If fake news—deliberate disinformation, not uncongenial news—is one end of the spectrum, what is the other end of the spectrum?
To get at the question, we need a theory of what news should provide. A theory of news, in turn, needs a theory of citizenship, which prescribes the information people need to execute their role, and an empirically supported behavioral theory of how people get that information.
What a democracy expects of people varies by the conception of democracy. Some theories of democracy only require citizens to have enough information to pick the better candidate when differences in candidates are material. Others, like deliberative democracy, expect people to be well informed and to have thought through various aspects of policies.
I opt for deliberative democracy to guide expectations about people for two reasons. Not only does the theory best express the highest ideals of democracy, but it also has the virtue of answering a vital question well. If all news was equally profitable to produce and was as widely read, what kind of news would lead to the best political outcomes, as judged by idealized versions of people—people who have all the information and all the time to think through the issues?
There are two virtues of answering such a question. First, it offers a convenient place to start answering what we mean by ‘good’ news; we can bring in profitability and reader preferences later. Second, engaging with it uncovers some obvious aspects of ‘good’ news.
For news to positively affect political outcomes (not in the shallow, instrumental sense), the news has to be about politics.
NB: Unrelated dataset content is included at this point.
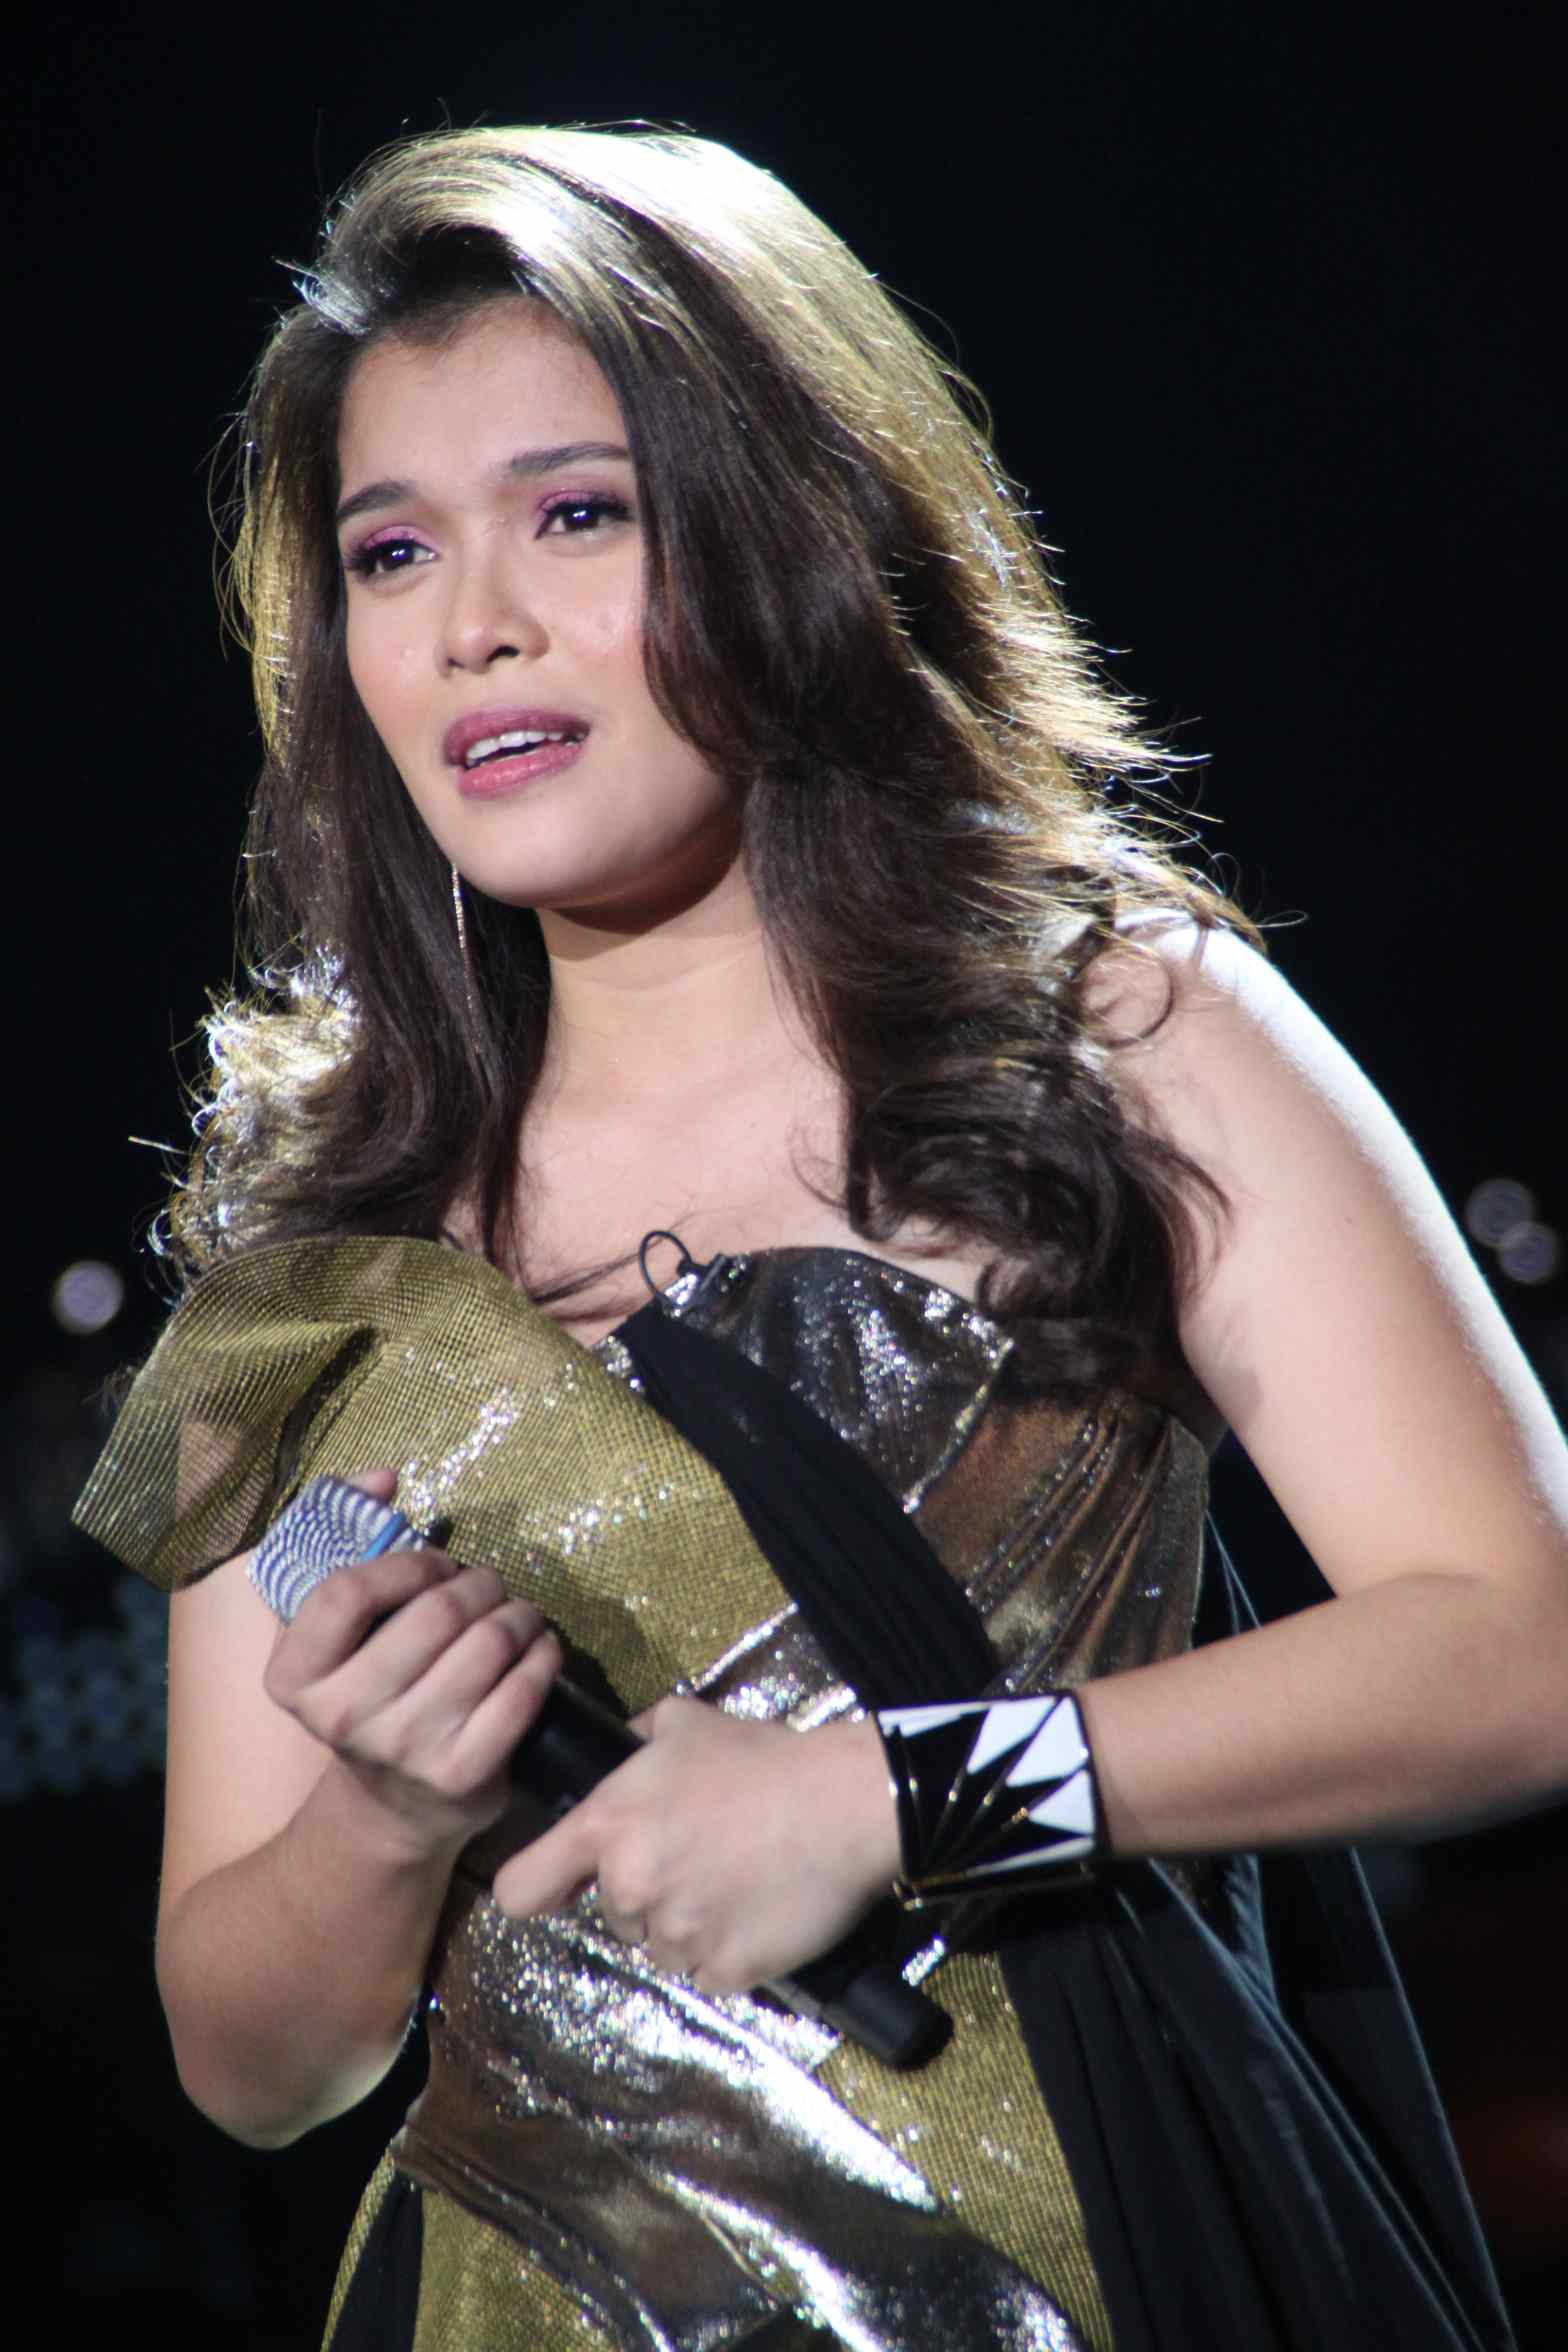 KZ Tandingan Is The 1st Winner Of The X Factor

Rather than news about Kim Kardashian or opinions about the hottest boots this season, ‘good’ news is about policymaker, policy-implementor, and policy-relevant news.
News about politics is a necessary but not a sufficient condition. Switching from discussing Kim Kardashian’s dress to Hillary Clinton’s is very plausibly worse. Thus, we also want the news to be substantive, engaging with real issues rather than cosmetic concerns.
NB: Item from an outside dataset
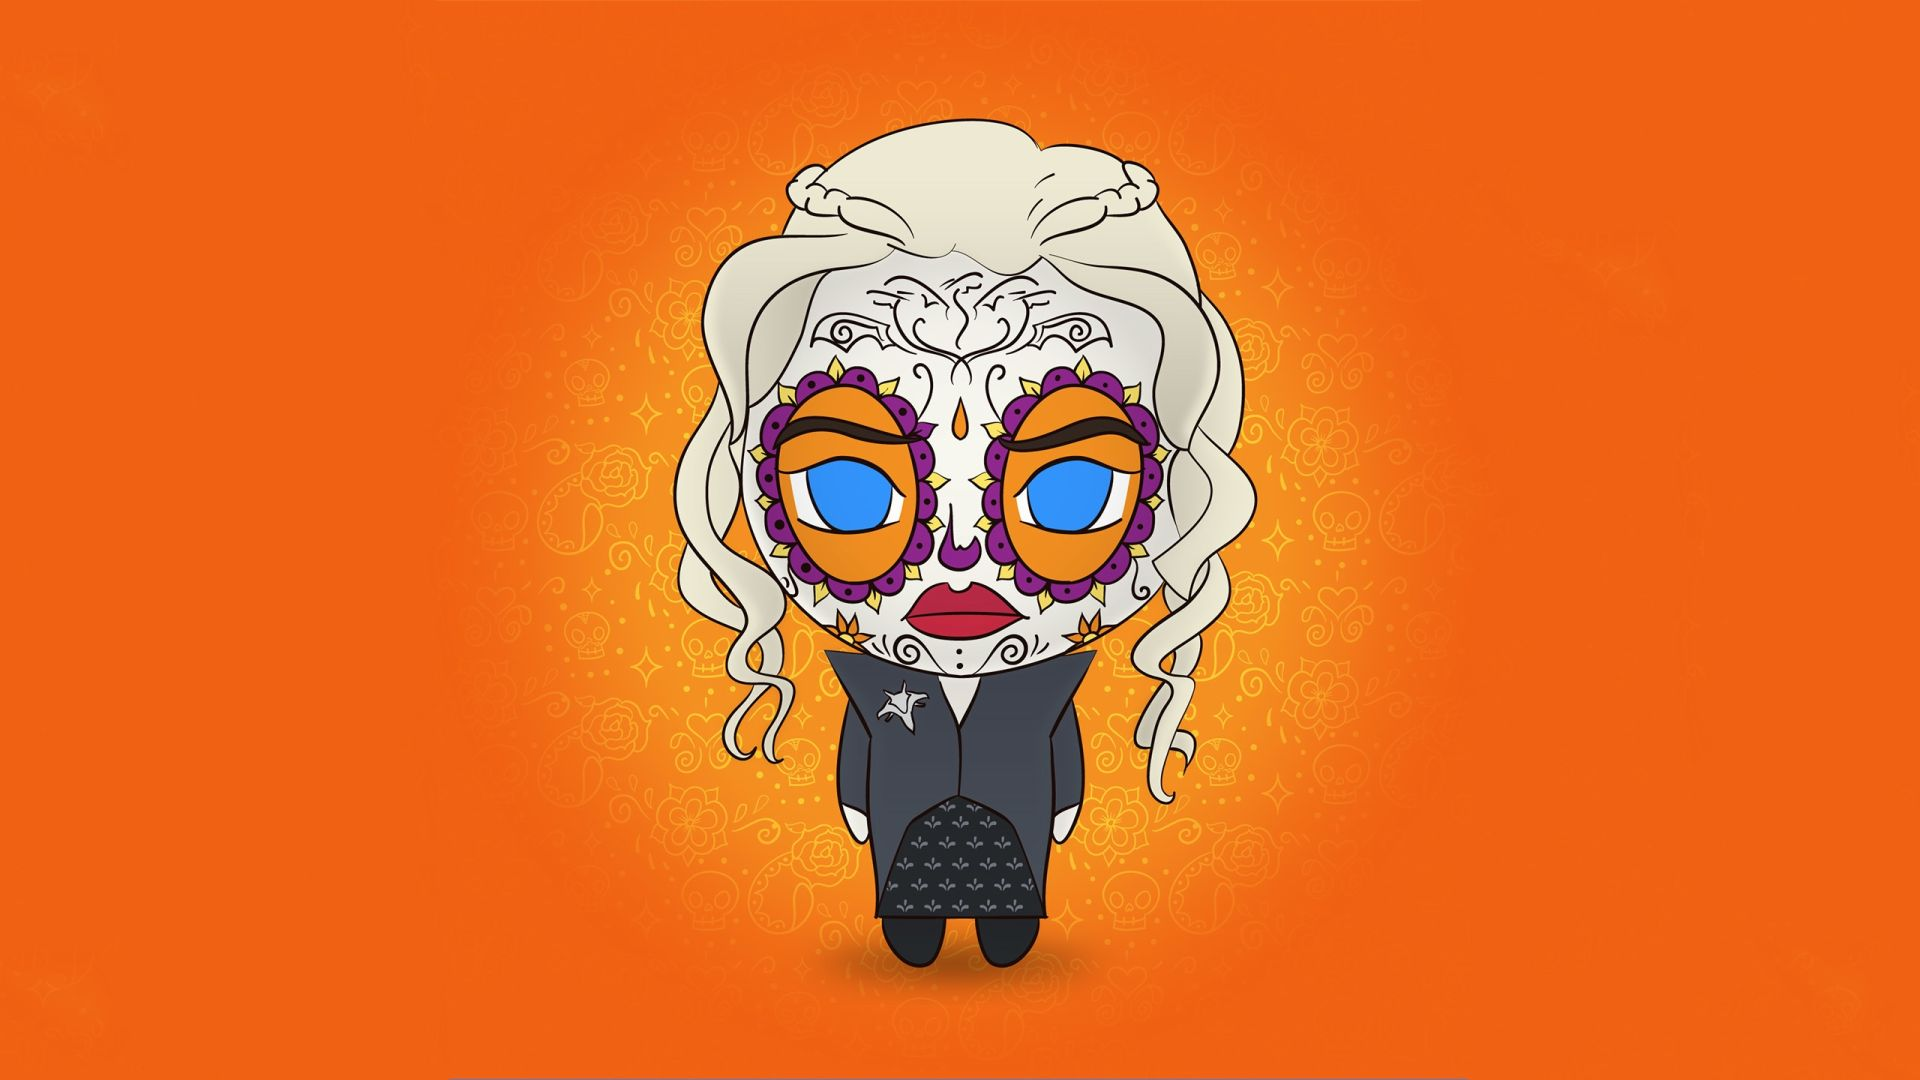 Game of Thrones chibi Daenerys illustration fan art

Substantively engaging with real issues is still no panacea. If the information is not correct, it will misinform than inform the debate. Thus, the third quality of ‘good’ news is correctness.
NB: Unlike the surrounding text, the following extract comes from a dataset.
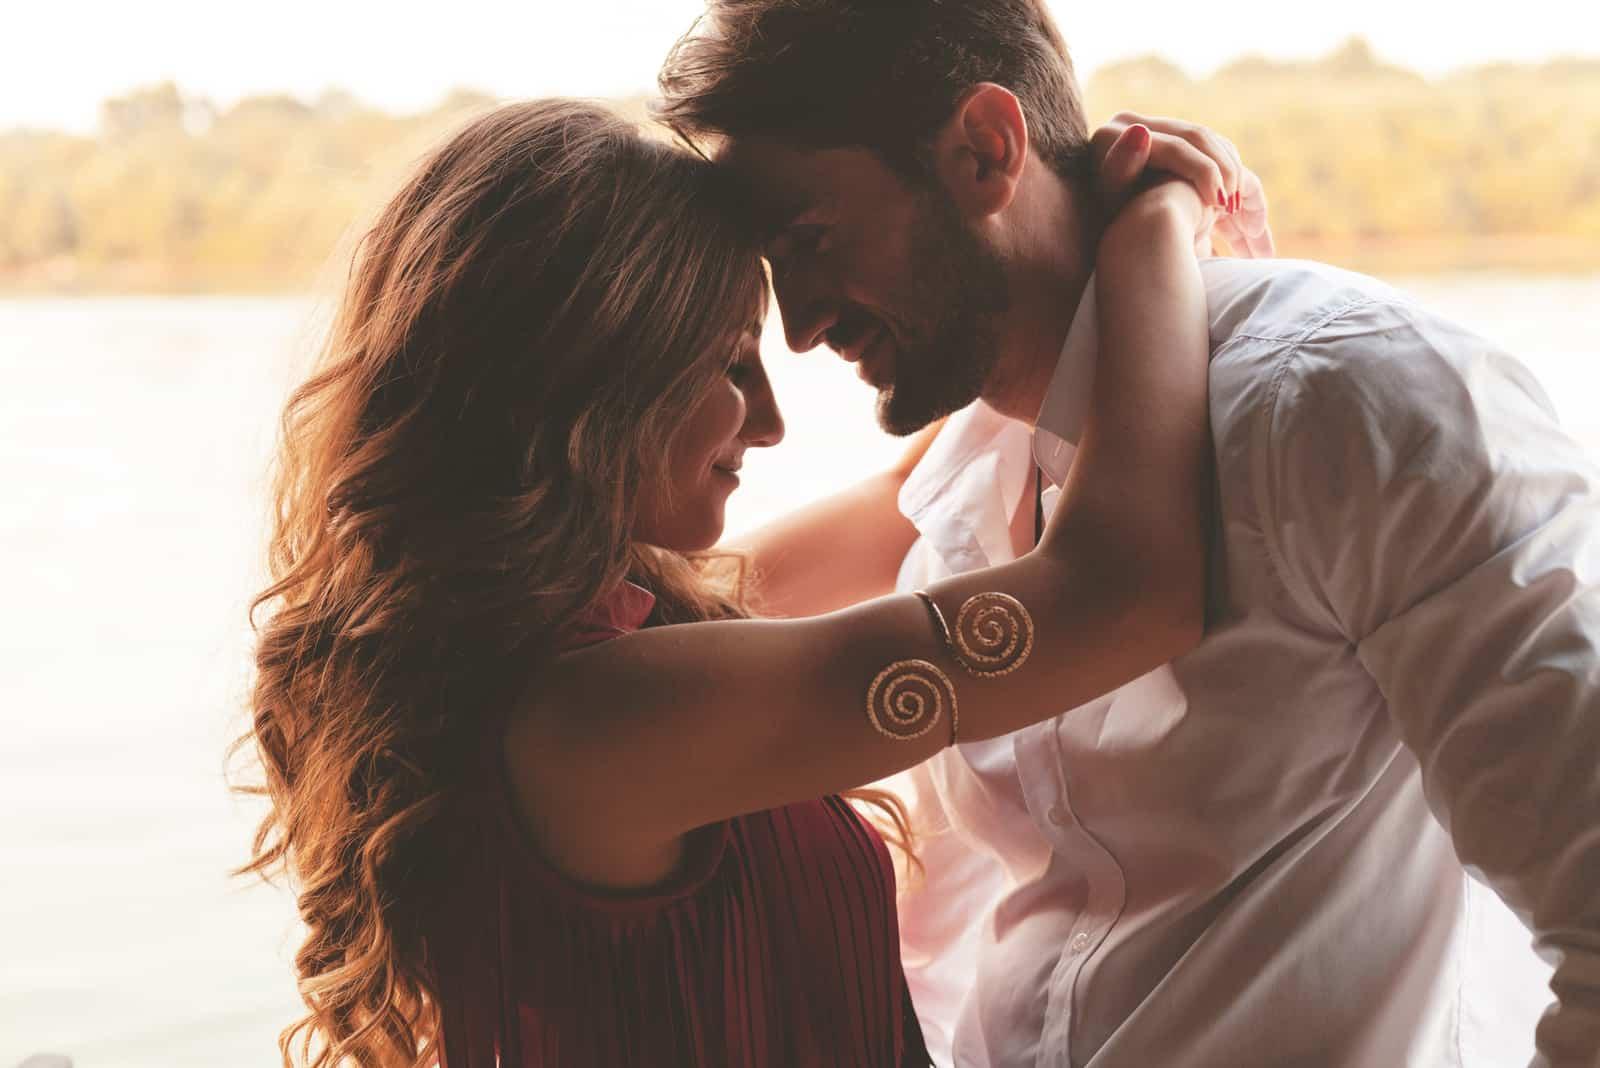 verliebtes Paar umarmt

The criterion for “good” news is, however, not just correctness, but it is the correctness of interpretation. ‘Good’ news allows people to draw the right conclusions. For instance, reporting murder rates as say ‘a murder per hour’ without reporting the actual number of murders or comparing the probability of being murdered to other common threats to life may instill greater fear in people than ‘optimal.’ (Optimal, as judged by better-informed versions of ourselves who have been given time to think. We can also judge optimal by correctness—did people form unbiased, accurate beliefs after reading the news?)
Not all issues, however, lend themselves to objective appraisals of truth. To produce ‘good’ news, the best you can do is have the right process. The primary tool that journalists have in the production of news is the sources they use to report on stories. (While journalists increasingly use original data to report, the reliance on people is widespread.) Thus, the way to increase correctness is through manipulating aspects of sources. We can increase correctness by increasing the quality of sources, e.g., source more knowledgeable people with low incentives to cook the books, increase the diversity of sources, e.g., not just government officials but also plausibly major NGOs, and the number of sources.
If we emphasize correctness, we may fall short on timeliness. News has to be timely enough to be useful, aside from being correct enough to guide policy and opinion correctly.
News can be narrowly correct but may commit sins of omission. ‘Good’ news provides information on all sides of the issue. ‘Good’ news highlights and engages with all serious claims. It doesn’t give time to discredited claims for “balance.”
Second-to-last, news should be delivered in the right tone. Rather than speculative ad-hominem attacks, “good” news engages with arguments and data.
Lastly, news contributes to the public kitty only if it is original. Thus, ‘good’ news is original. (Plagiarism reduces the incentives for producing quality news because it eats into the profits.)